PROBLEM DESCRIPTION :: Would you return, word for word, the lines running from the one with "Le chirurgien suture" to the final line of the listing below, pictures omitted?
------ STORED DATA ------
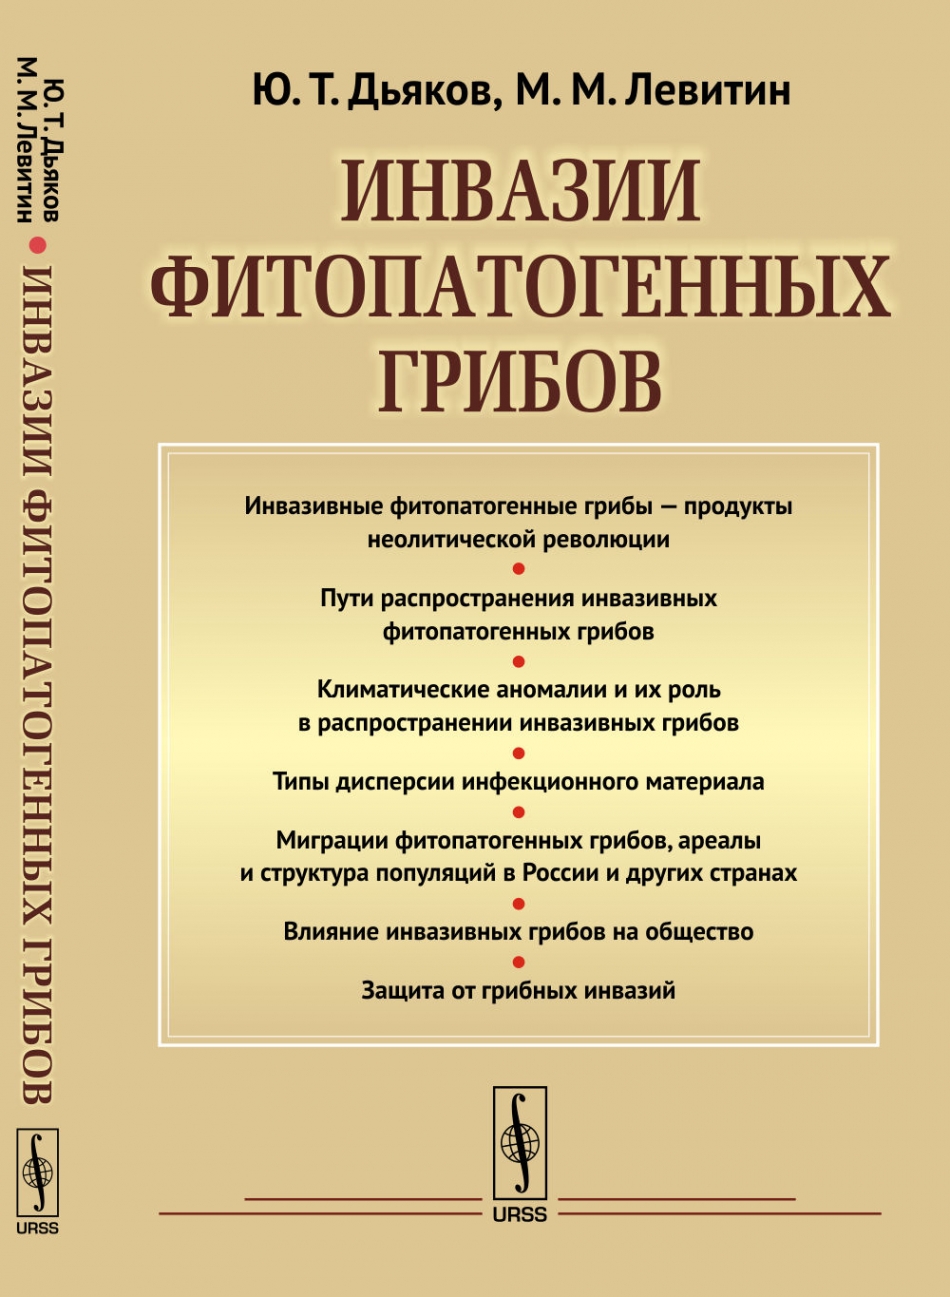 Дьяков Ю.Т., Левитин М.М. Инвазии фитопатогенных грибов 
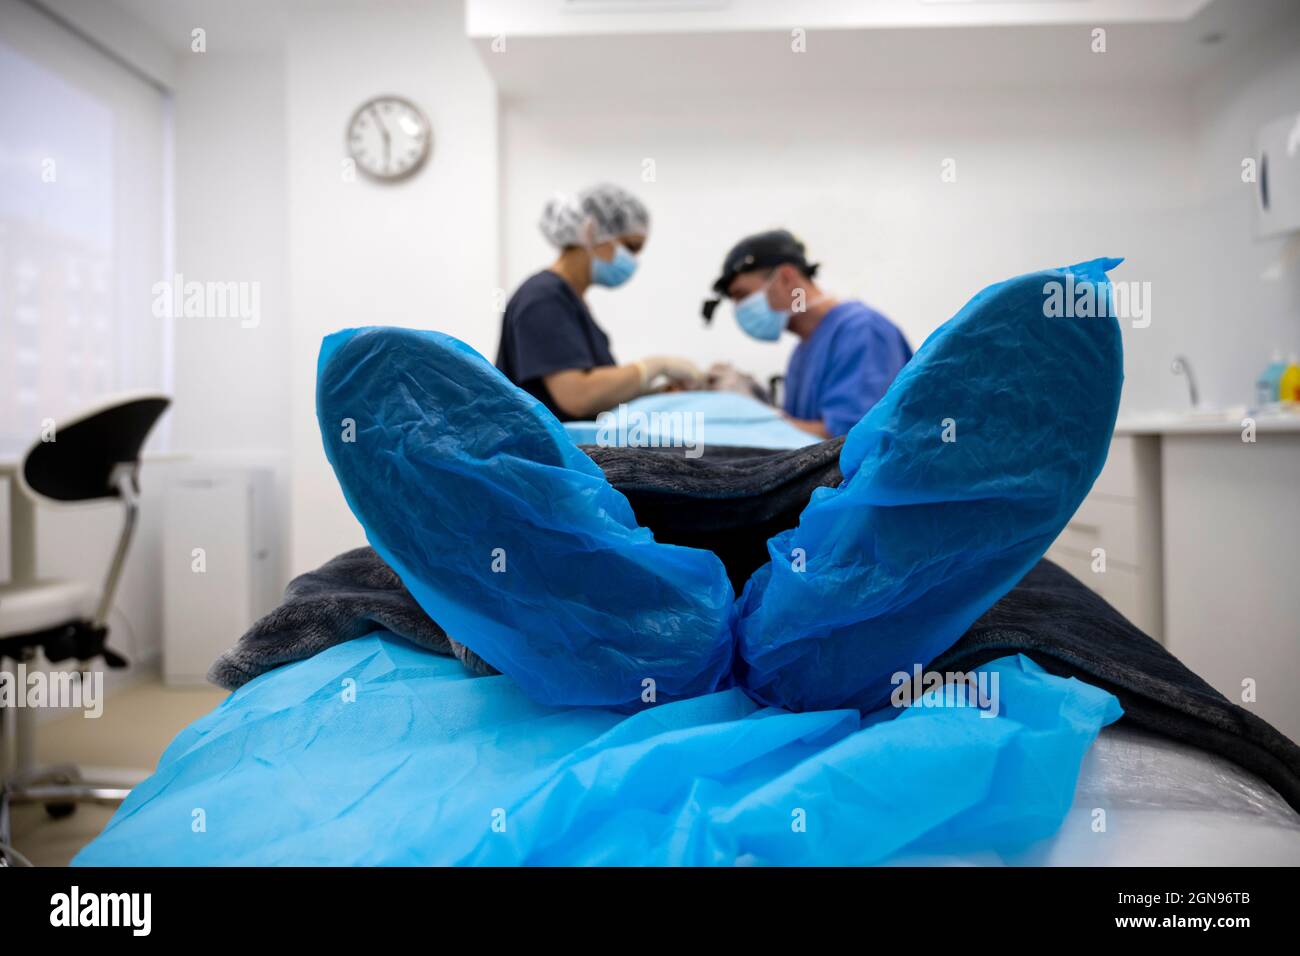 Le chirurgien suture la paupière après une opération de chirurgie plastique Banque D'Images
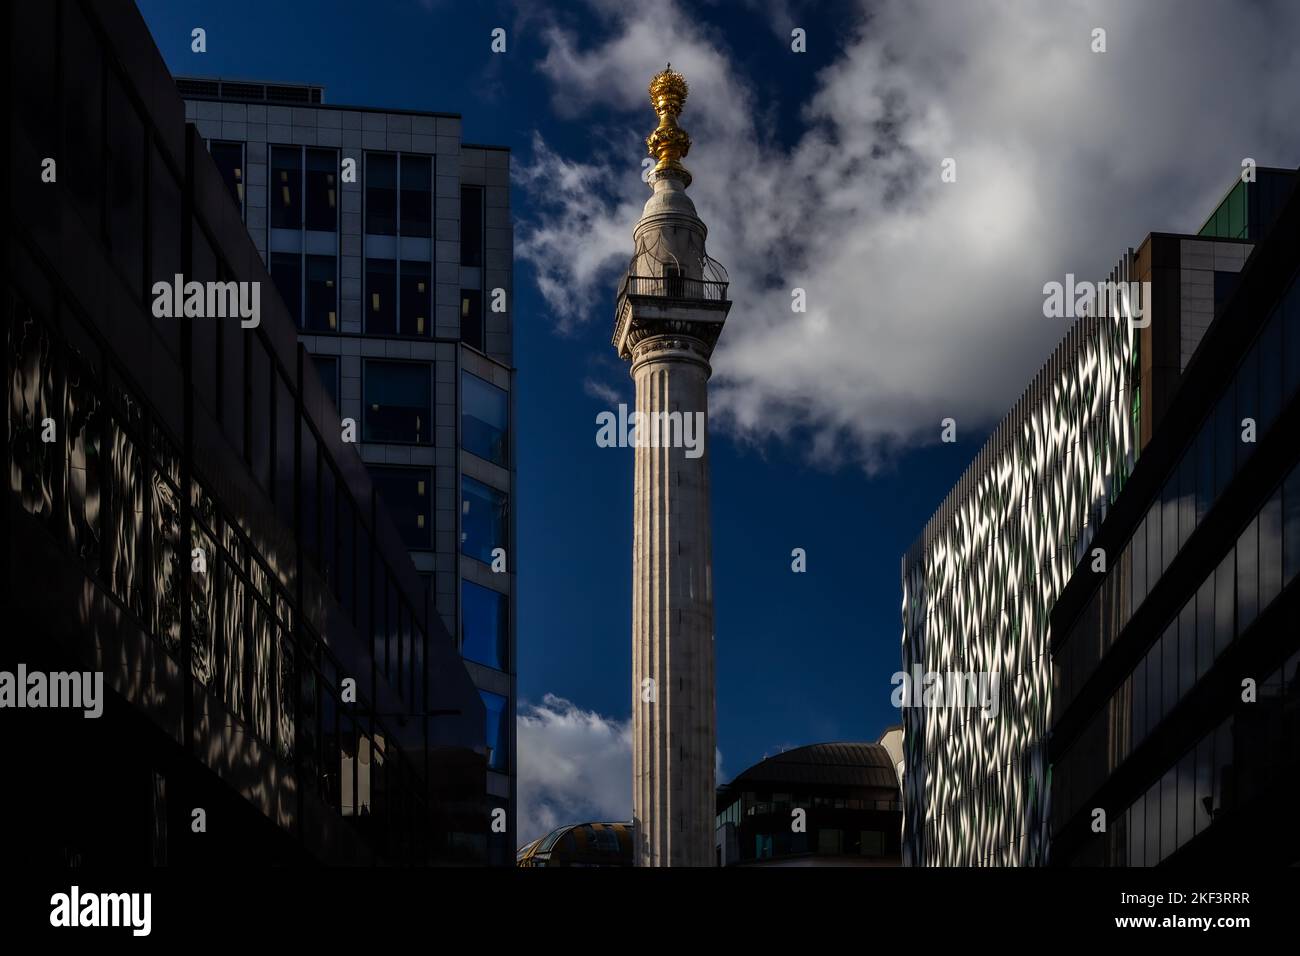 Une photo inhabituelle et spectaculaire du Monument avec de superbes reflets dans un immeuble de bureaux des deux côtés de la rue. Banque D'Images
------
SOLUTION FOR THIS TASK ::
 Le chirurgien suture la paupière après une opération de chirurgie plastique Banque D'Images
 Une photo inhabituelle et spectaculaire du Monument avec de superbes reflets dans un immeuble de bureaux des deux côtés de la rue. Banque D'Images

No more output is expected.